The Sunday Telegraph can reveal AFL legend Marcus Ashcroft has beaten a field of 100 contenders to become the new CEO at Touch Football Australia, while NRL Hall of Famer Brad Fittler has accepted a role on the board.
Their heavyweight presence follows the recruitment of Australian Rugby League Commissioner and former Queensland Tourism Minister Kate Jones to the board last year.
The stunning appointments come as the NRL deepens the relationship with its non-contact cousin – boasting more than 700,000 participants across Australia – and drives the push to include touch as a new Olympic sport.
“The big thing about the game is the ability for it to be played by men and women, boys and girls, and from ages 6 to 80,” said Ashcroft, the first Queenslander to surpass 300 games in the AFL as a 15-season veteran with the Brisbane Bears and Brisbane Lions.
“Going forward, I’m passionate about making a difference and, in conjunction with the NRL, growing this game further.
“That willingness and buy-in from the likes of (ARL chairman) Peter V’landys, who is one of the great sporting administrators, and (NRL CEO) Andrew Abdo will help us make things happen. It would be great to see touch in the Olympic Games.”
The Telegraph reported exclusively earlier this month on NRL plans to launch touch into the Brisbane Games, with V’Landys saying: “For the normal person in Australia, the hardworking people of Australia, there’s got to be some form of rugby league there.”
Fittler, who won grand finals with the Panthers and Roosters, captained and then coached the NSW Origin team, led the Kangaroos in 25 Tests, and was acclaimed as the world’s best player in 2000, is excited about his first board appointment.
“Touch is a sport you can play all your life and there should be recognition for what it does for communities, how good it is for health,” he said.
“We’re going through a bit of a health epidemic, so a sport like touch makes a real contribution.
“Looking to promote it to an Olympic level is a fantastic idea.”
Fittler said a raft of past and present NRL stars, including Benji Marshall, Shaun Johnson, Mitch Moylan, Nicho Hynes and Scott Drinkwater, were national touch representatives.
“And pretty much every NRLW player has come through touch footy,” he added.
“It’s become its own game with its own set of skills, and it’s now about how you take it to the next level.”
While Ashcroft won three premierships with the Lions before retiring in 2003, played for Australia against Ireland in International rules, and holds legend status in the Queensland Football Hall of Fame, he was also a teenage rugby league and touch player.

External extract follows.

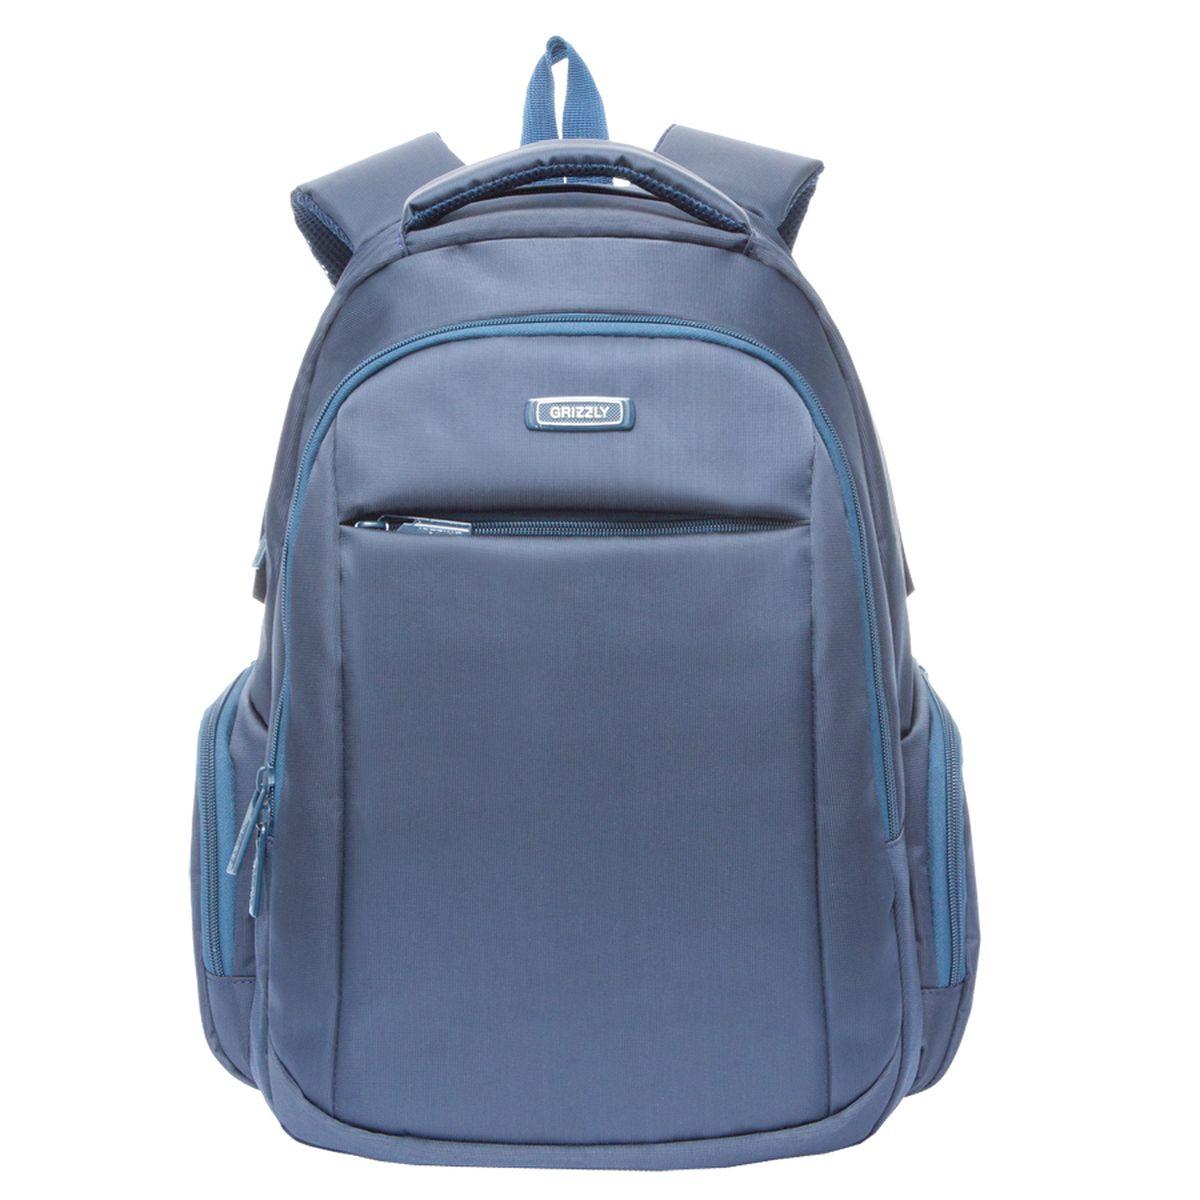 Рюкзак молодежный Grizzly, цвет: синий. 32 л. RU-700-4/2RU-700-4/2Рюкзак молодежный, два отделения, карман на молнии на передней стенке, объемные боковые карманы на молнии, внутренний карман на молнии, внутренний составной пенал-органайзер, внутренний укрепленный карман для ноутбука, анатомическая спинка, мягкая укрепленная ручка, нагрудная стяжка-фиксатор

Raised on the Gold Coast, he played league in parallel with Australian Rules football until accepting his first professional contract at the age of 17.
“I went to Merrimac High, a rugby league school … played on the wing and fullback,” he said. “I was also a mad Maroons (Origin) supporter.”
Ashcroft’s son Will won the Norm Smith Medal in Brisbane’s AFL grand final victory over the Sydney Swans last year. Another son Levi was drafted to the Lions in 2024 and daughter Lucy has just been selected in the Brisbane AFLW academy.